Esa gracia llegó a su fin el semestre en que me registré en un curso de ciencias neurocognitivas. Iban a discutir un libro que yo quería leer hace tiempo y entregaban una copia de ese libro a cada estudiante que lo solicitara. El curso lo impartía un profesor que yo conocía desde antes de que se me ocurriera estudiar en el Reino Unido. No lo conocía personalmente, quiero decir que sabía quién era porque yo seguía parte de su trabajo en línea. Todo eso fue una coincidencia. Fue hasta que llegué a Inglaterra, a la oficina que me asignaron en el departamento, que leí su nombre en una puerta al lado de la mía, y me quedé pensando el resto del día de dónde conocía ese nombre.
Casi un año y medio después, me encontraba en una clase suya. Ello era, por supuesto, considerablemente más emocionante que leer un par de párrafos en internet sobre los temas que abordaba. El problema era que esta clase era más bien un grupo de discusión (defensa, argumentación, impasibilidad), y mi reflujo volvió.
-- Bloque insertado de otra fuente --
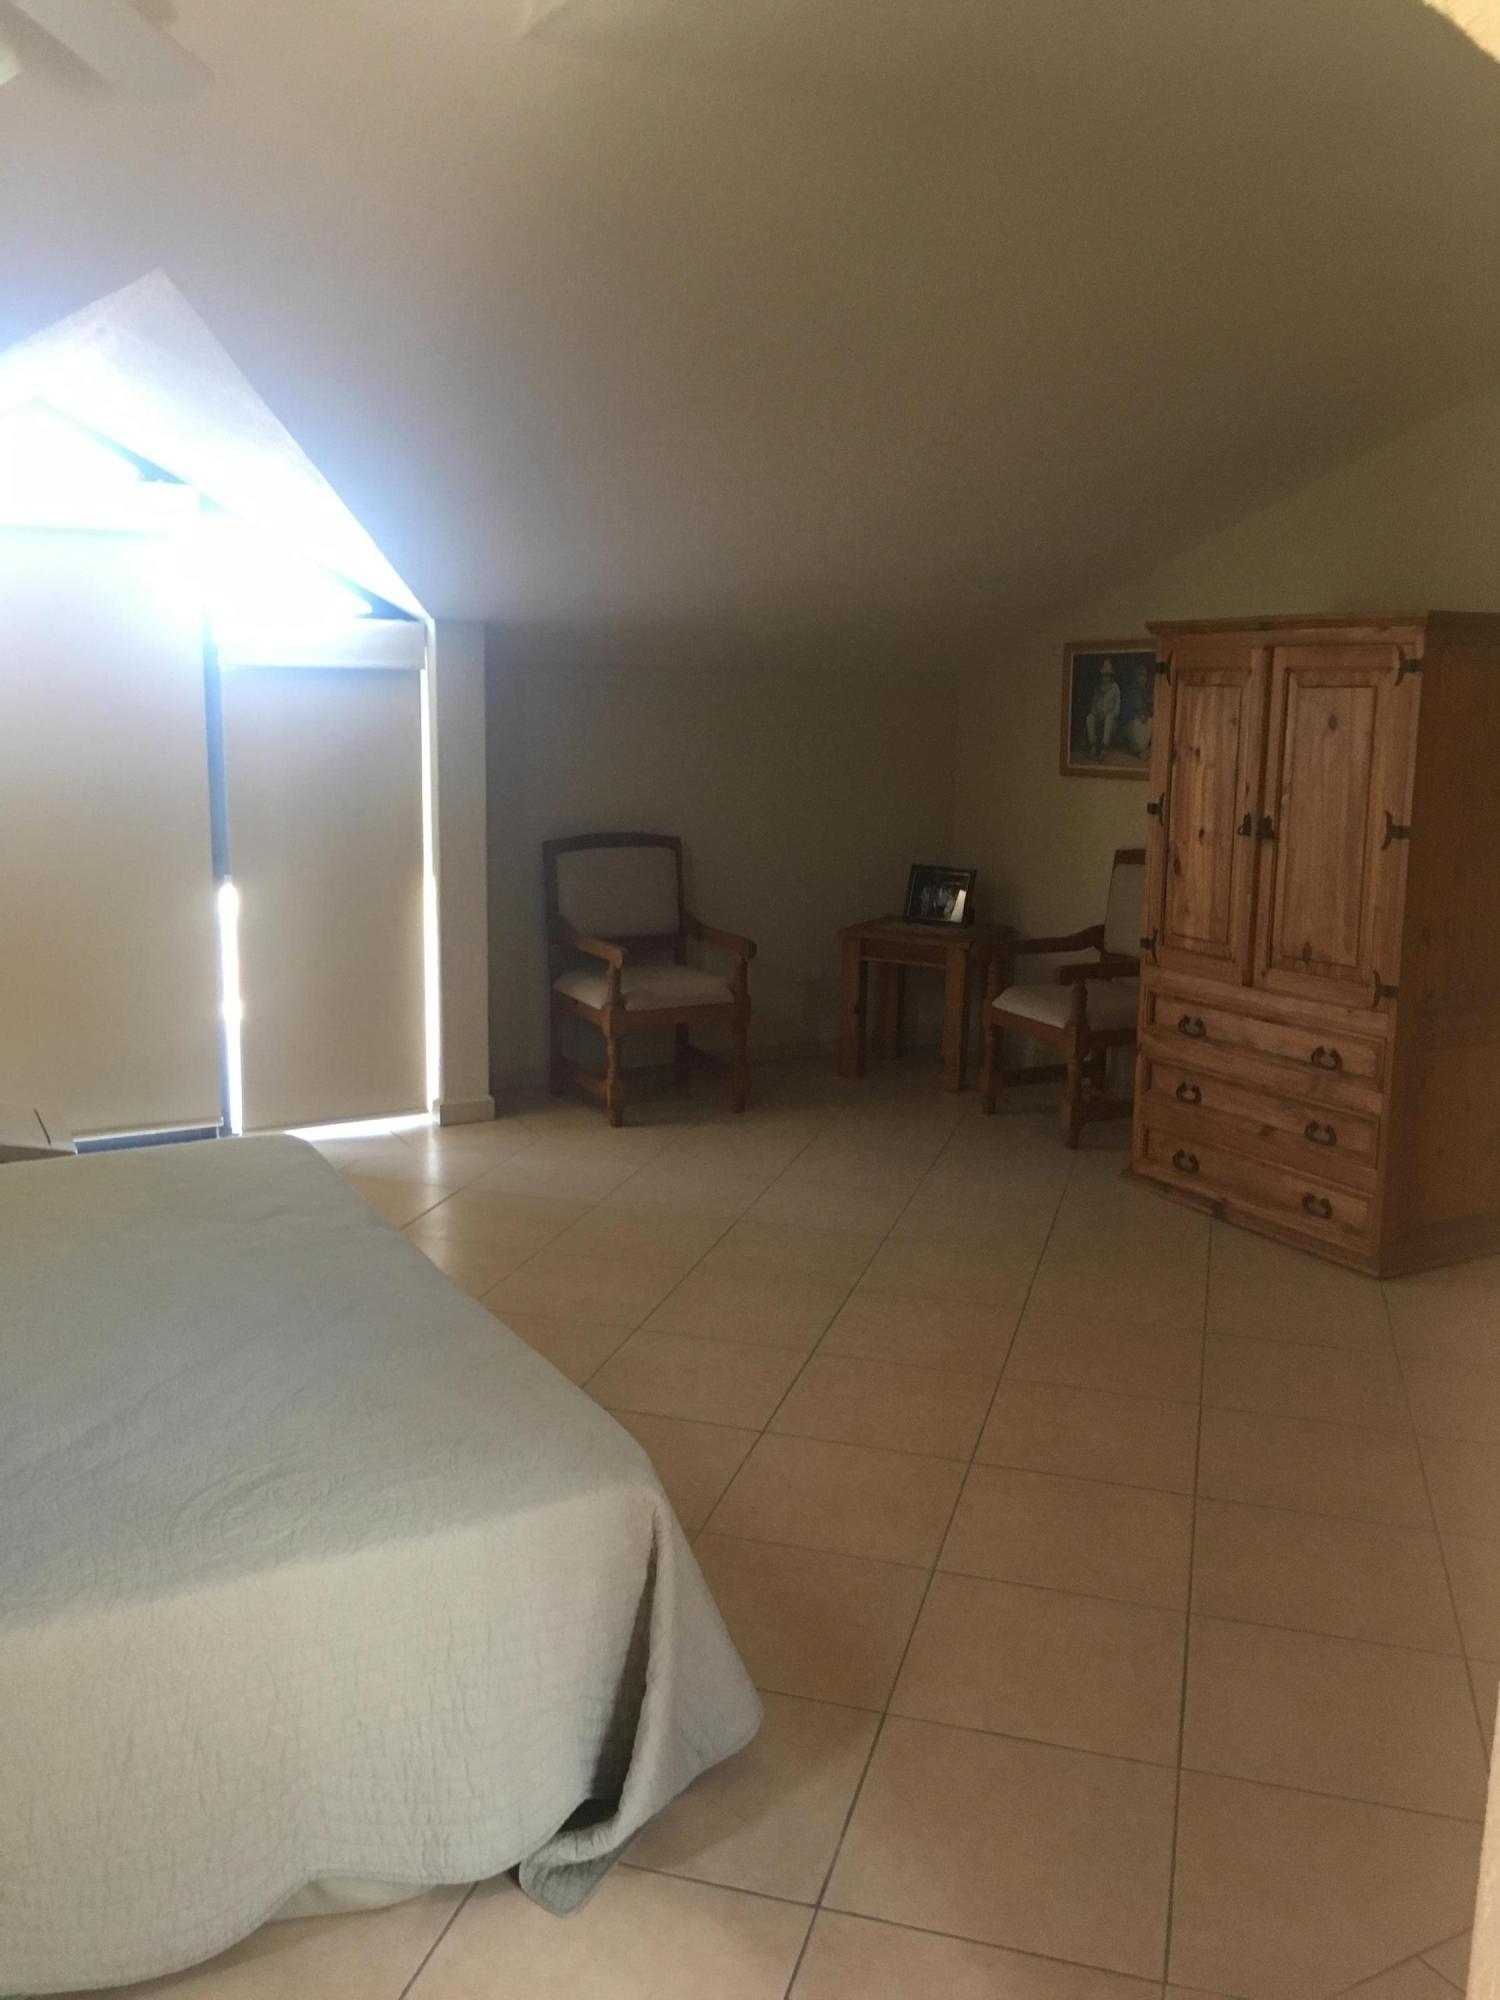 Fase 3 Rtno. Punta Palmillas Villa 7 # 301
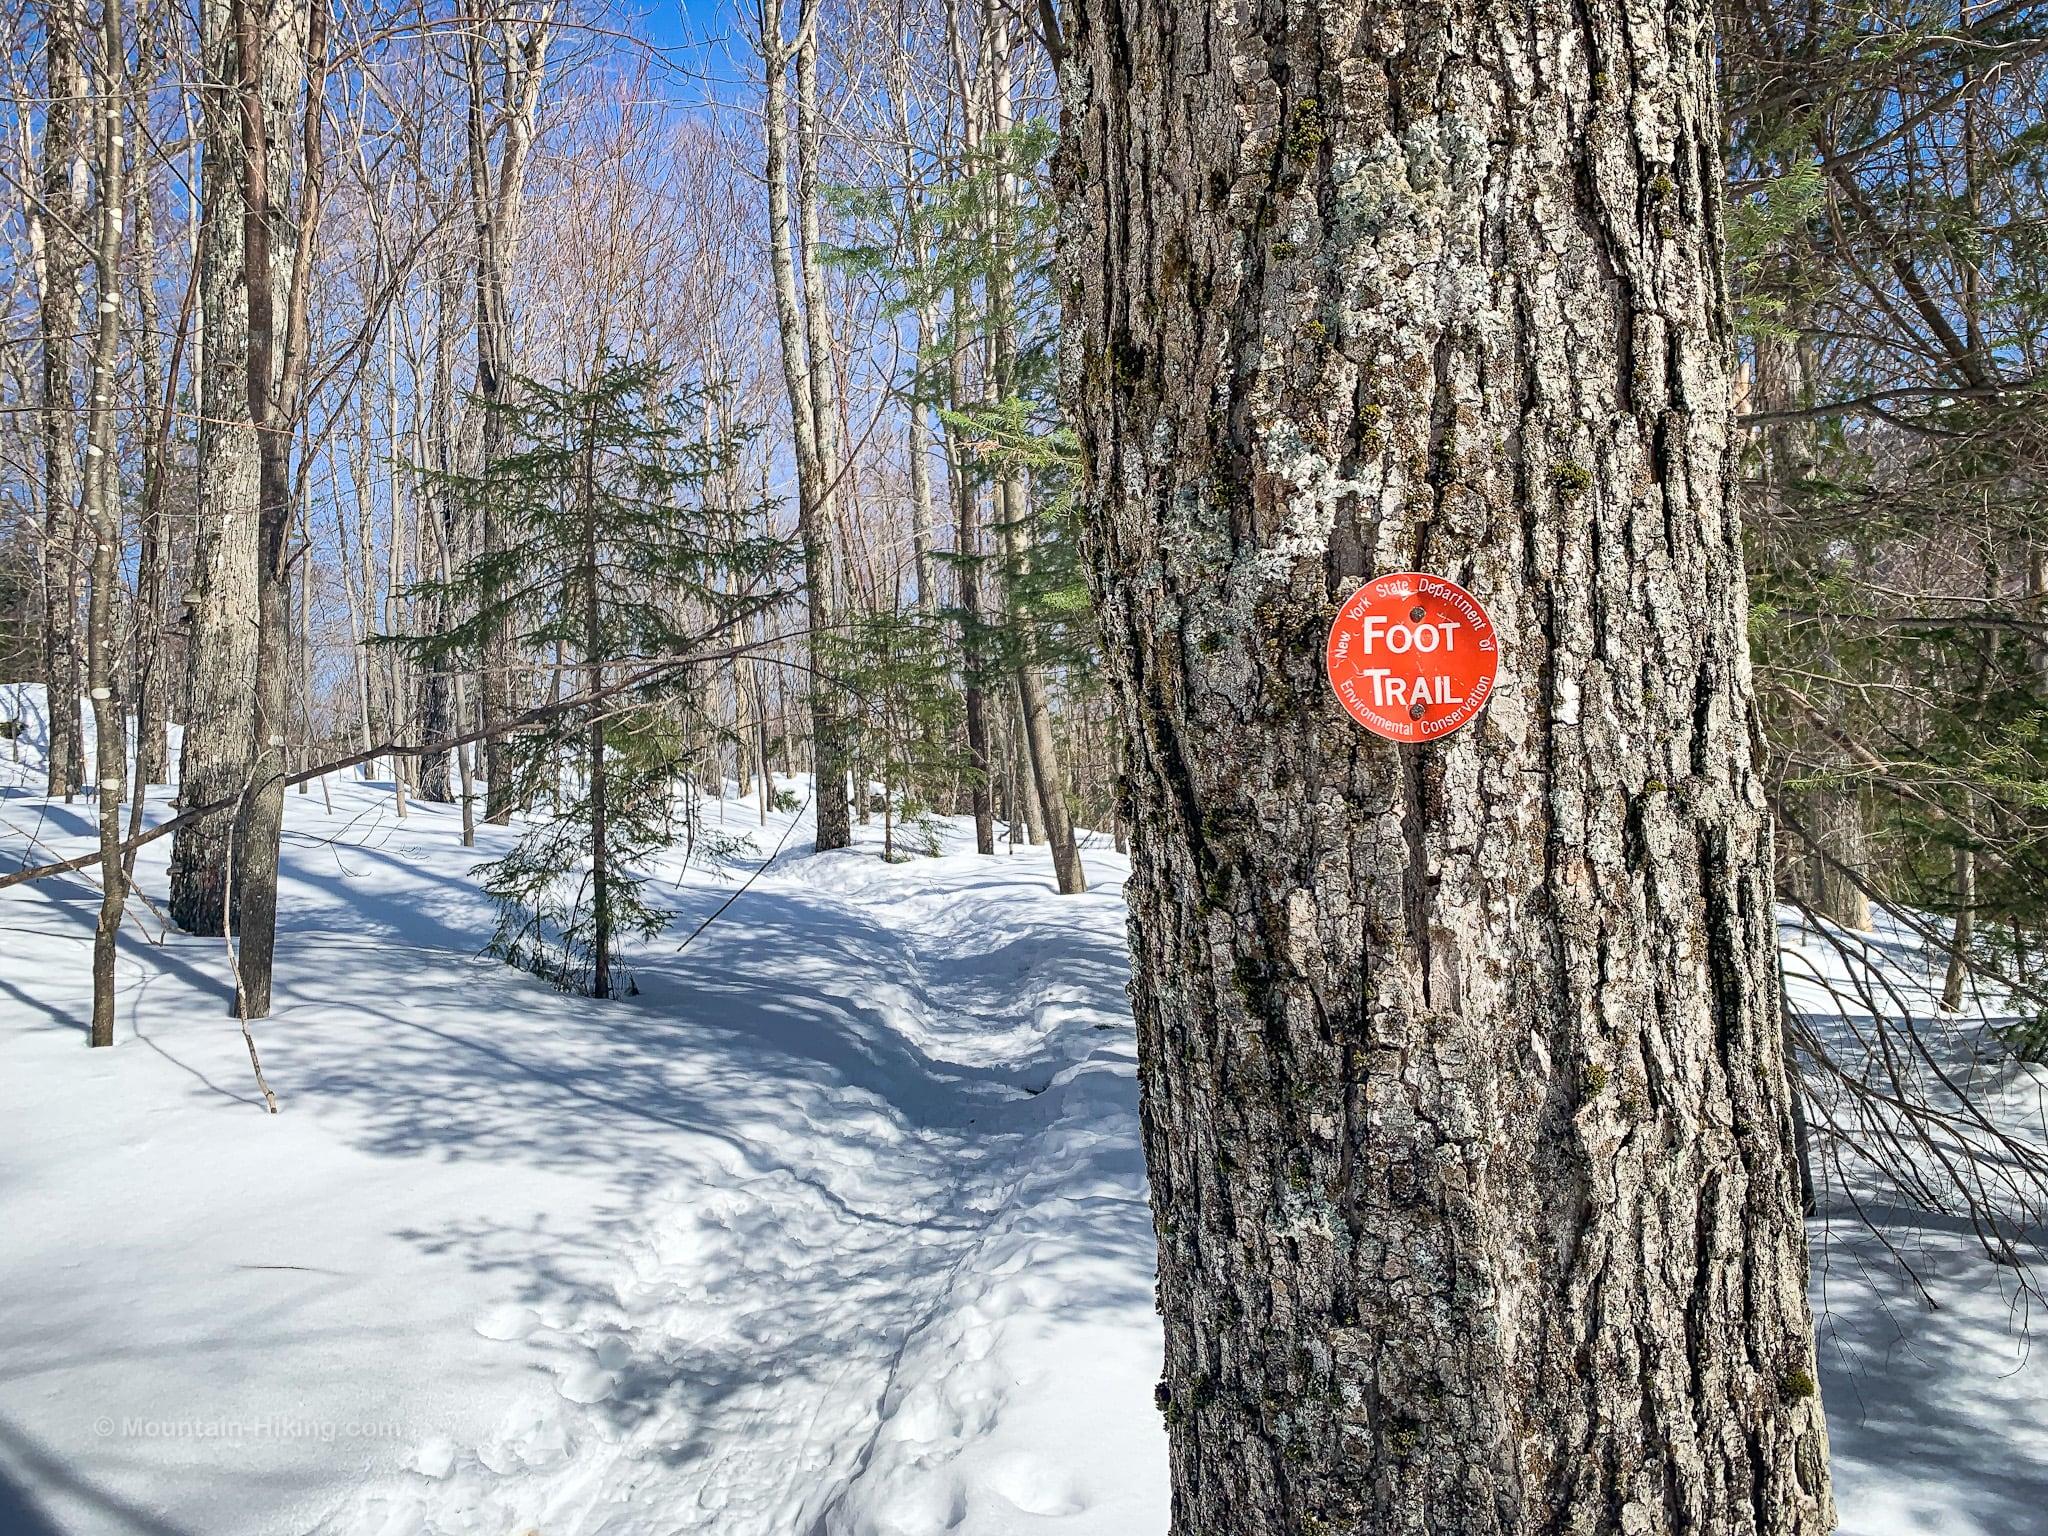 trail blaze on tree trunks

O llámese correlato fisiológico de mi autoconsciencia, para que no suene tan crudo. Una vez entré al salón y me senté, esperando en silencio a que empezáramos. Cómo va el doctorado, escuché preguntar al profesor. “No es conmigo”, fue la reacción en mi cabeza, pero sí era conmigo porque yo era la única del doctorado en su curso de maestría. Siendo justos, era difícil reconocer mi status porque tendía a hacer preguntas tontas en clase.
Afortunadamente, o no, con ese curso recordé el concepto de amenaza del estereotipo. Estar consciente de las expectativas que tengo que cumplir me genera ansiedad, y aunque esté a la altura de las exigencias (¡lo estoy!), esa ansiedad entorpece mi desempeño. Mi mayor aprendizaje en ese curso es que soy el embodiment de la Amenaza del Estereotipo, porque me tengo a mí misma en altísima estima (¡con justa razón!) pero mi autoconsciencia es mi propia ruina.
Esa no es manera de vivir, dirá usted. Ah, lo es. Pero sí estoy intentando controlarlo, a estas alturas no puedo privarme de hablar en público porque tengo cosas importantes que decir (altísima estima, dije). Tengo algunas propuestas para intervenir en mí misma, ya sea para habituarme a la ansiedad o para resignarme a hacer el ridículo. No espero soluciones mágicas ni consejos inútiles tipo “imaginate que tu audiencia está desnuda”. Mi cerebro está sobrecargado enfrentando la ansiedad y no voy a pedirle que encima se entregue a la fantasía y la lujuria…o, bueno, tal vez.